WHAT YOU WILL DO.
Check every line of the entries for the string "Model" and return the ones that contain it.

Stored data entries:
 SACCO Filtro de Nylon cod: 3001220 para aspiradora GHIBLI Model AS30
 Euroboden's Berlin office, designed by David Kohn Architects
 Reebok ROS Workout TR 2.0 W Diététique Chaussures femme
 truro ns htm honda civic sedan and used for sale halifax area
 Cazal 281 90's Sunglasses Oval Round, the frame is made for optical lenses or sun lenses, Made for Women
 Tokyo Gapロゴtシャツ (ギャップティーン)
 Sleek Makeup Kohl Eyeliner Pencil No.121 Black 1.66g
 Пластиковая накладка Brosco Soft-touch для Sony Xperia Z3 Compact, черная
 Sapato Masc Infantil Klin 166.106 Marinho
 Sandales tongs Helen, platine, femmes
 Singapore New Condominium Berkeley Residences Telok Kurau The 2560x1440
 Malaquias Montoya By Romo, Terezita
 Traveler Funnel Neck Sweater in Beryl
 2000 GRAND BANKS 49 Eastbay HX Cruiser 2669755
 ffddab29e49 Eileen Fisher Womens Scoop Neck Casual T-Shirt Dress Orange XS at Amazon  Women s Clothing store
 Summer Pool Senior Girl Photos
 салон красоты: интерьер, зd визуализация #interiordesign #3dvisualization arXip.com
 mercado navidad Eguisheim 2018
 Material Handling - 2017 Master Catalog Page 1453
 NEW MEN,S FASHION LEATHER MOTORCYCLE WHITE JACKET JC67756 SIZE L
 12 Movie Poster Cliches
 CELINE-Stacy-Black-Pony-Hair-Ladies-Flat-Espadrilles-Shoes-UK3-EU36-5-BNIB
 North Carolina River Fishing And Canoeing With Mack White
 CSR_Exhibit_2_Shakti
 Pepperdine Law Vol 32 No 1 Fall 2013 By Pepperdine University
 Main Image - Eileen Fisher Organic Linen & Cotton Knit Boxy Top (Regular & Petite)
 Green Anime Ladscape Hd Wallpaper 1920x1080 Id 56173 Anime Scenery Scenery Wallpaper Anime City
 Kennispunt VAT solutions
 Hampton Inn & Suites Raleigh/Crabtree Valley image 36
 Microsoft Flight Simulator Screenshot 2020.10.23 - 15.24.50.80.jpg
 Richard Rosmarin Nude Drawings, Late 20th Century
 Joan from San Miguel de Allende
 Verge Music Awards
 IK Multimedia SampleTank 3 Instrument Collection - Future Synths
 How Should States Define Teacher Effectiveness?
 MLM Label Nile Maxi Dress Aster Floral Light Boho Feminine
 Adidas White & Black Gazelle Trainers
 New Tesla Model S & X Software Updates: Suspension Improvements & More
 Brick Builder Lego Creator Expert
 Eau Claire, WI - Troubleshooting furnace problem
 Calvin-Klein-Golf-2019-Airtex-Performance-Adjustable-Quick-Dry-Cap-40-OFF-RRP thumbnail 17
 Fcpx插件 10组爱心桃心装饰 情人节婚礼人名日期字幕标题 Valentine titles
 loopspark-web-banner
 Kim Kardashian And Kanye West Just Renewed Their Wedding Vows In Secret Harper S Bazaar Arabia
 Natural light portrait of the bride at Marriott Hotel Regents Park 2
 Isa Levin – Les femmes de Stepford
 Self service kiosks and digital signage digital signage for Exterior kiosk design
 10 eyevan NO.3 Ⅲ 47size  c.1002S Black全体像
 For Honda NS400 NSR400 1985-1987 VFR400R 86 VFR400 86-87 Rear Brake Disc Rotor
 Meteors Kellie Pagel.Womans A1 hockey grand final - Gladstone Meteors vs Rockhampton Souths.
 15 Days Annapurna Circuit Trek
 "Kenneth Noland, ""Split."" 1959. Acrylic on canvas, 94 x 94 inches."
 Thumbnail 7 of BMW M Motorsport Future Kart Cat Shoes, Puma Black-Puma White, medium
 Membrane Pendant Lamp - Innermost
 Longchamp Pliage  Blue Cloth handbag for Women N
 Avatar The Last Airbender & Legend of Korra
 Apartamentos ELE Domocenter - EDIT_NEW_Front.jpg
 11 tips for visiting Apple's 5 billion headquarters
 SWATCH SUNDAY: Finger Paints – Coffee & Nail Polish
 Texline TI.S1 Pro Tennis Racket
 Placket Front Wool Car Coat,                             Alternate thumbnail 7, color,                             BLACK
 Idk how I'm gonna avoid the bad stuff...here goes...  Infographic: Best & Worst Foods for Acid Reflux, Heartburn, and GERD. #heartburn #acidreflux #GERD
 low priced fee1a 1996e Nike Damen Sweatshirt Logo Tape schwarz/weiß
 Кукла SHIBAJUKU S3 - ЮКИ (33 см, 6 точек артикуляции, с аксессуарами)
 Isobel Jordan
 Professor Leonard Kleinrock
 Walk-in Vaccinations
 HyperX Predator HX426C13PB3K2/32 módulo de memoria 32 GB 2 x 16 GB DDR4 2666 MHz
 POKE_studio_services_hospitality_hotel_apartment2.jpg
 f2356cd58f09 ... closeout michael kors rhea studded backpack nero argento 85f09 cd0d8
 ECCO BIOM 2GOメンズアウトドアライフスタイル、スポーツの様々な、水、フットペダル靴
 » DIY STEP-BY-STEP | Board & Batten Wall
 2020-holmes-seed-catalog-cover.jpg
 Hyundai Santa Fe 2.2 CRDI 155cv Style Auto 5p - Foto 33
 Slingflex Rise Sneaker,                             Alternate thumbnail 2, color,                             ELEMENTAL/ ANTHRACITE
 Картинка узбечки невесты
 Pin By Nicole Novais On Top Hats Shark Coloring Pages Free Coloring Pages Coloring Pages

EXERCISE OUTPUT.
 SACCO Filtro de Nylon cod: 3001220 para aspiradora GHIBLI Model AS30
 New Tesla Model S & X Software Updates: Suspension Improvements & More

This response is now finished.